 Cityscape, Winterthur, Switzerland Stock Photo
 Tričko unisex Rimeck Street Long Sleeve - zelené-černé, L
######
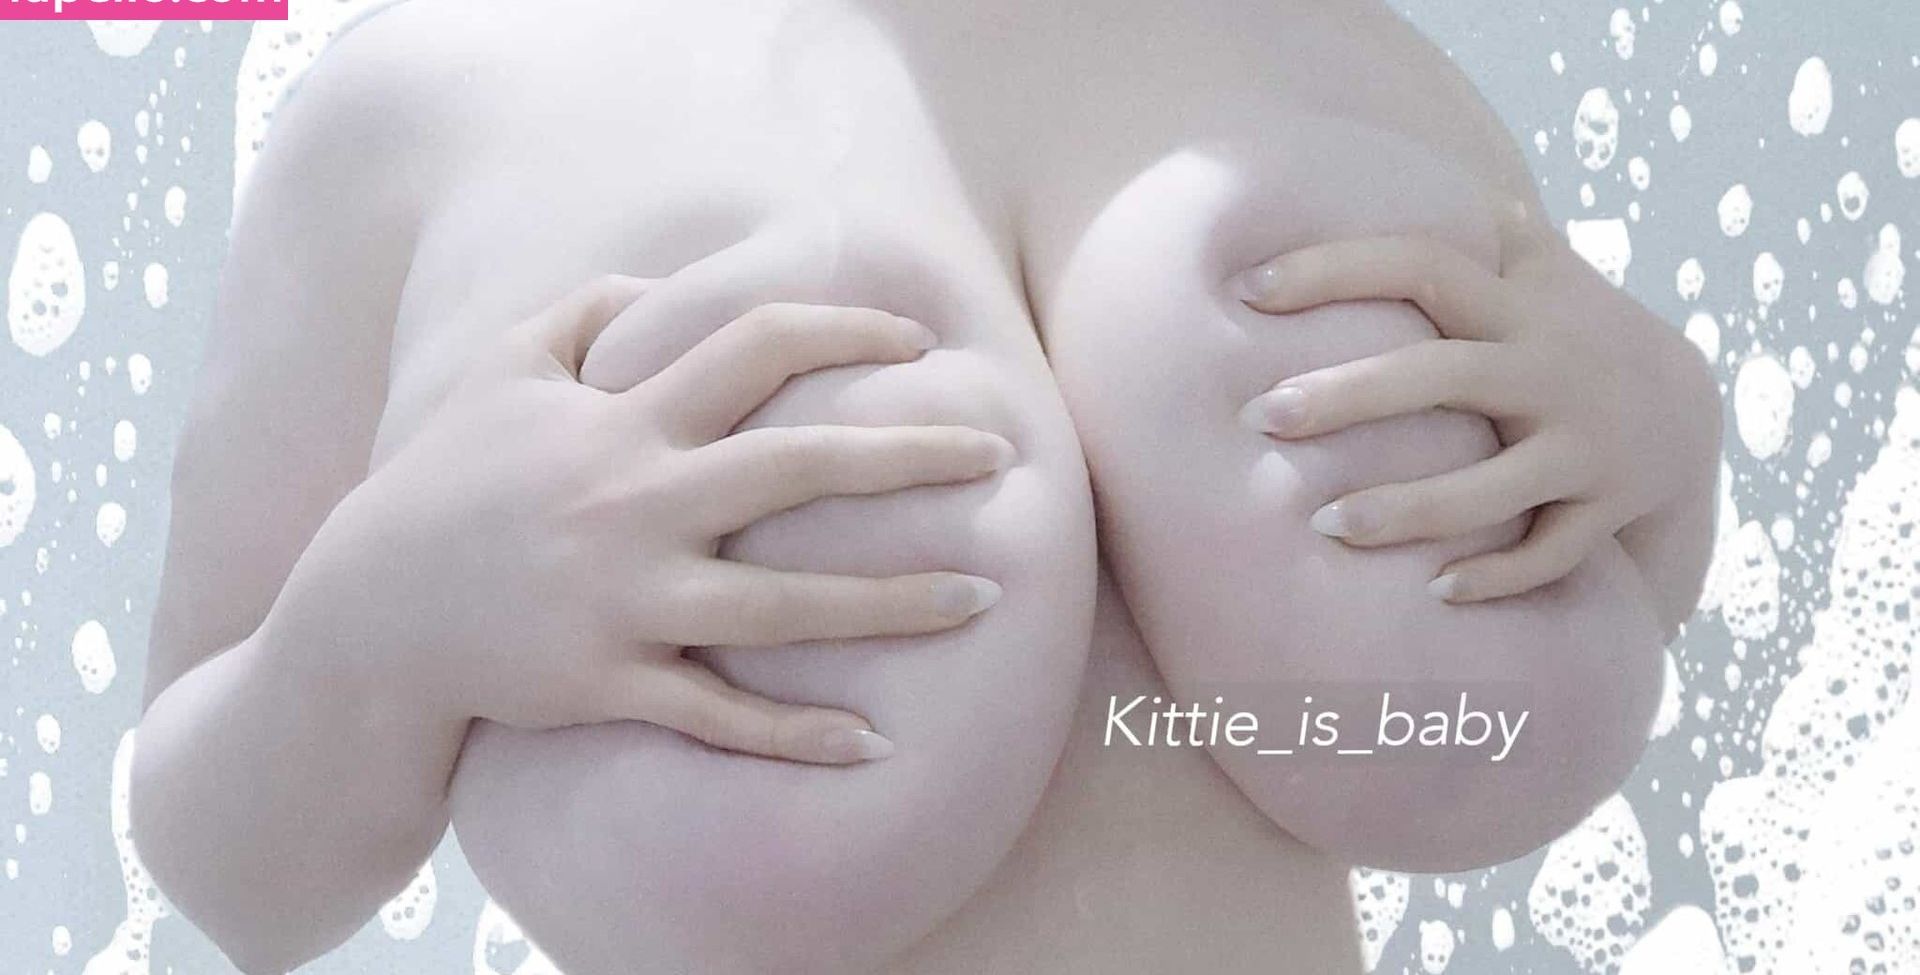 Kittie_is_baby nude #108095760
######
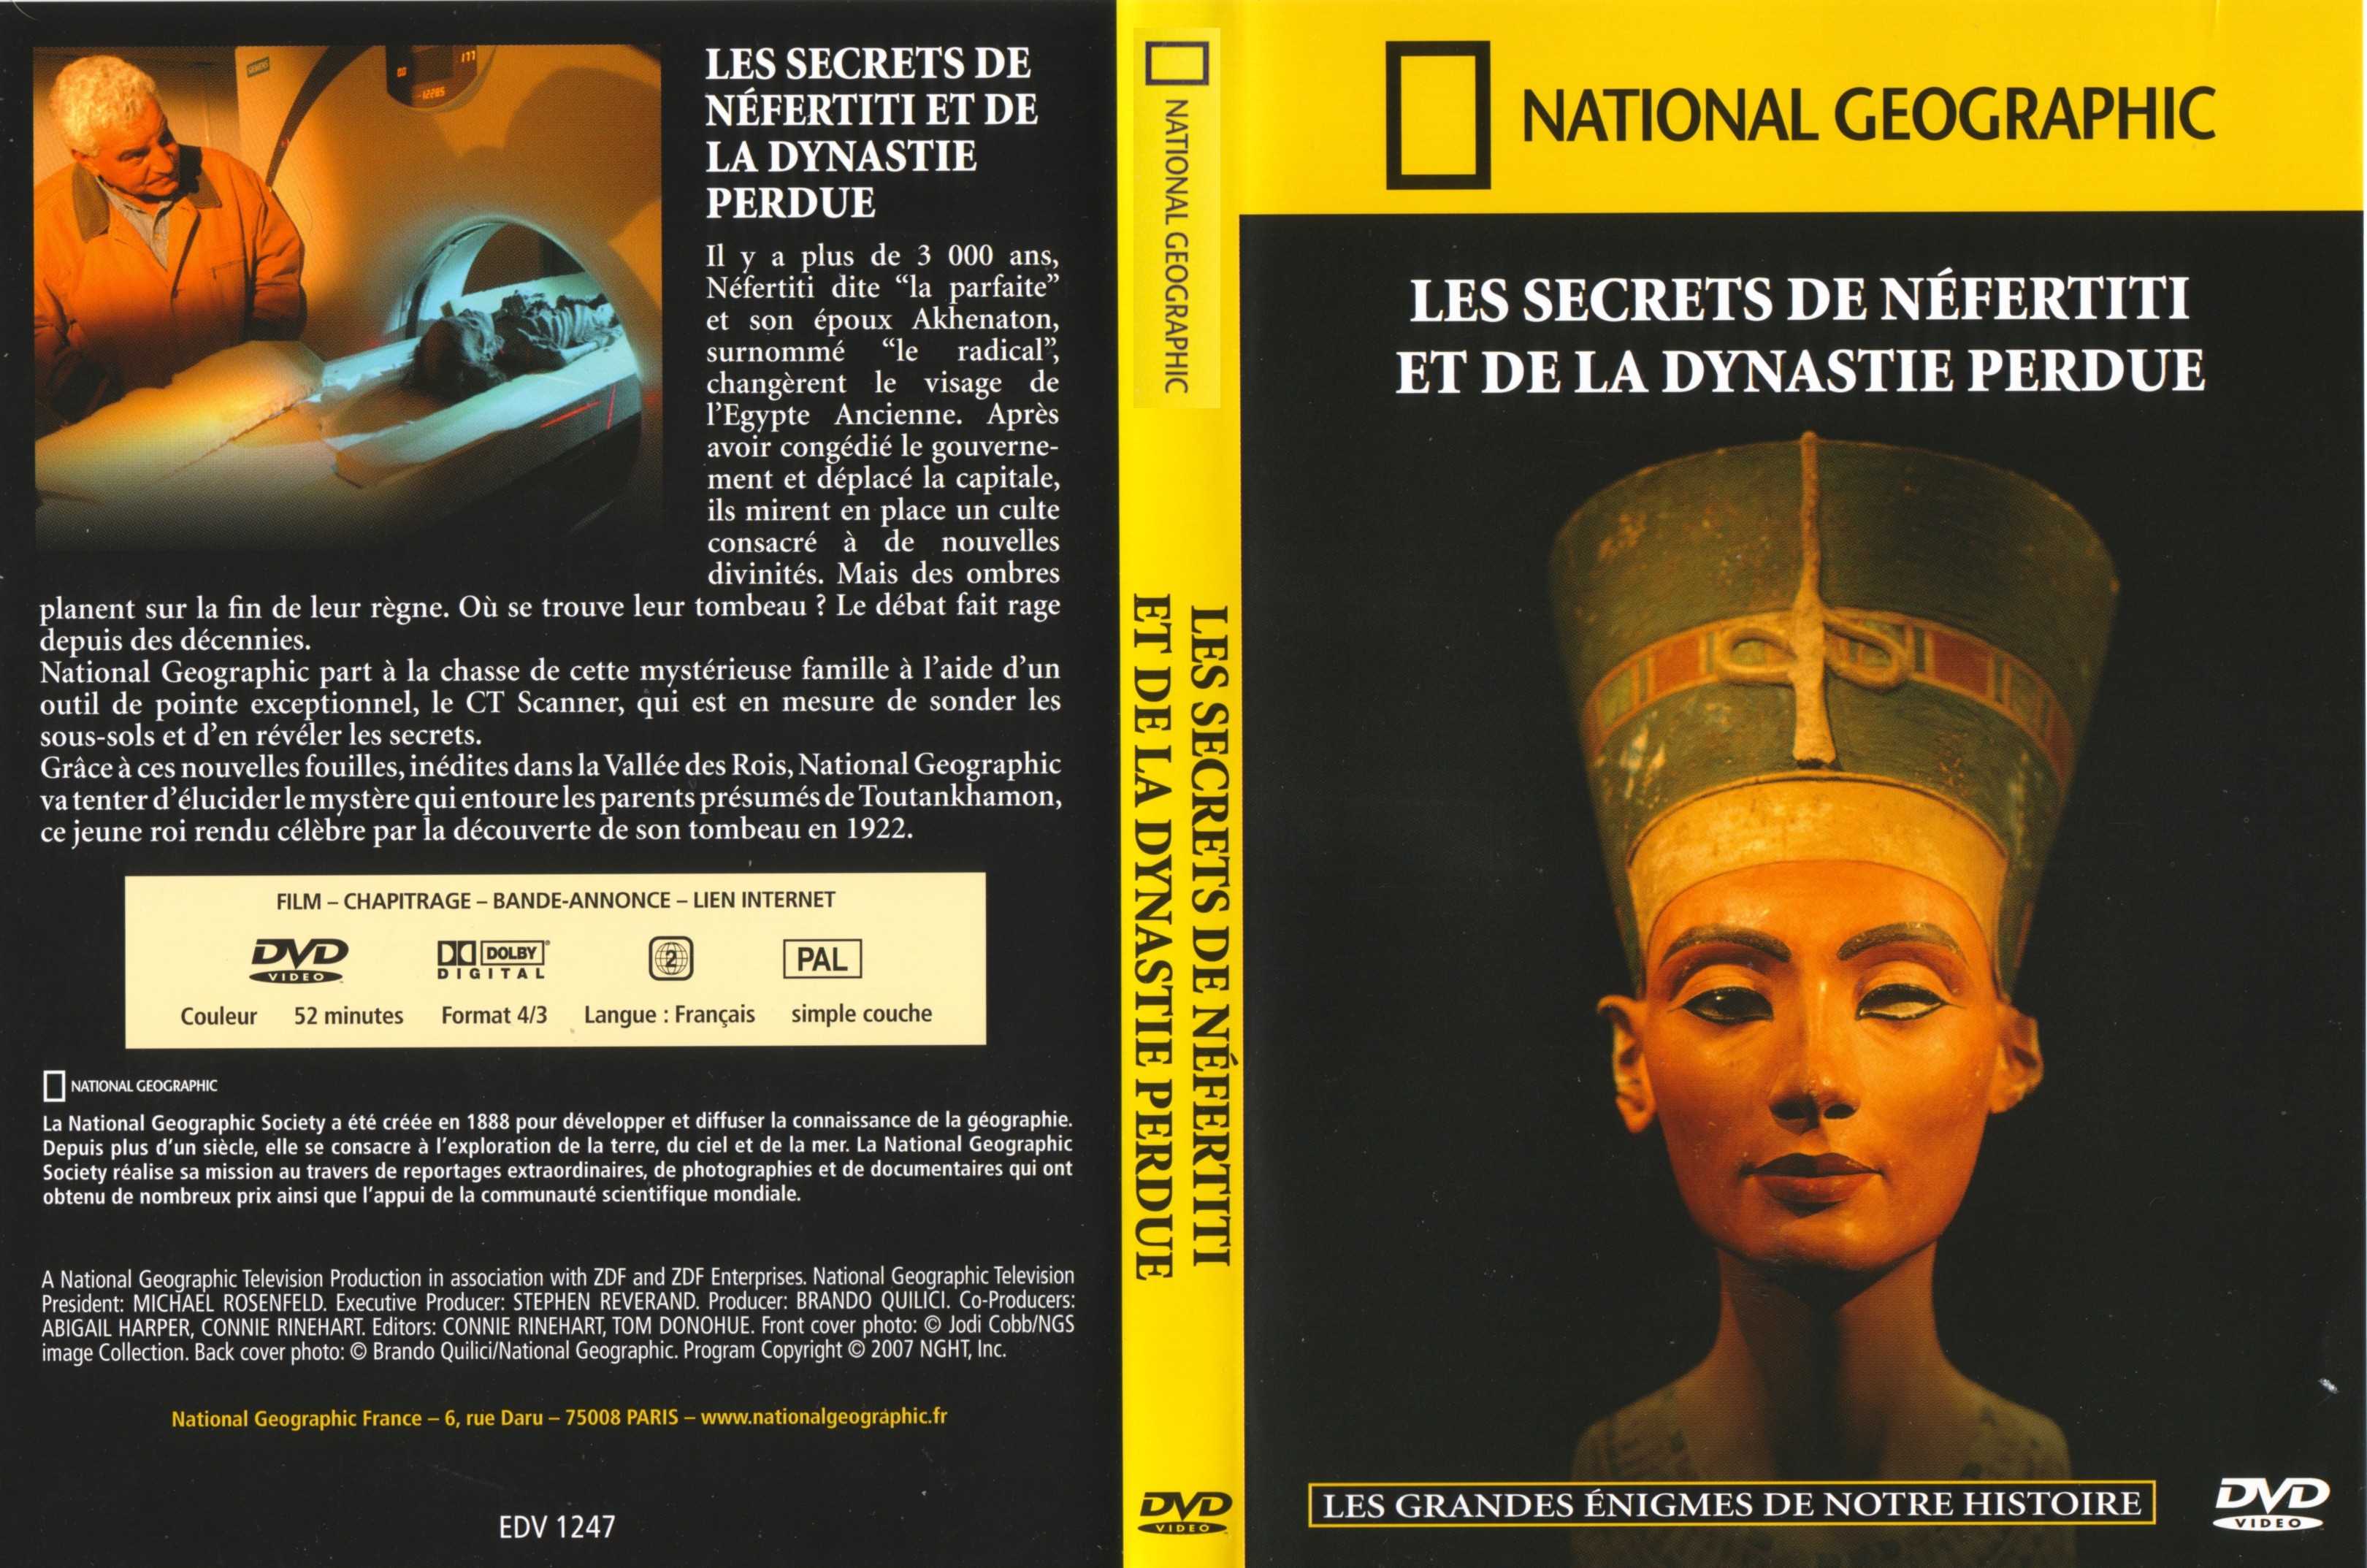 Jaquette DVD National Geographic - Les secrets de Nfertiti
######
• _Task goal_
Everything starting at the line containing "Cityscape, Winterthur, Switzerland" and ending at the line containing "Tričko unisex Rimeck" in the records above should be repeated exactly, and only that.

• _Response for this exercise_
 Cityscape, Winterthur, Switzerland Stock Photo
 Tričko unisex Rimeck Street Long Sleeve - zelené-černé, L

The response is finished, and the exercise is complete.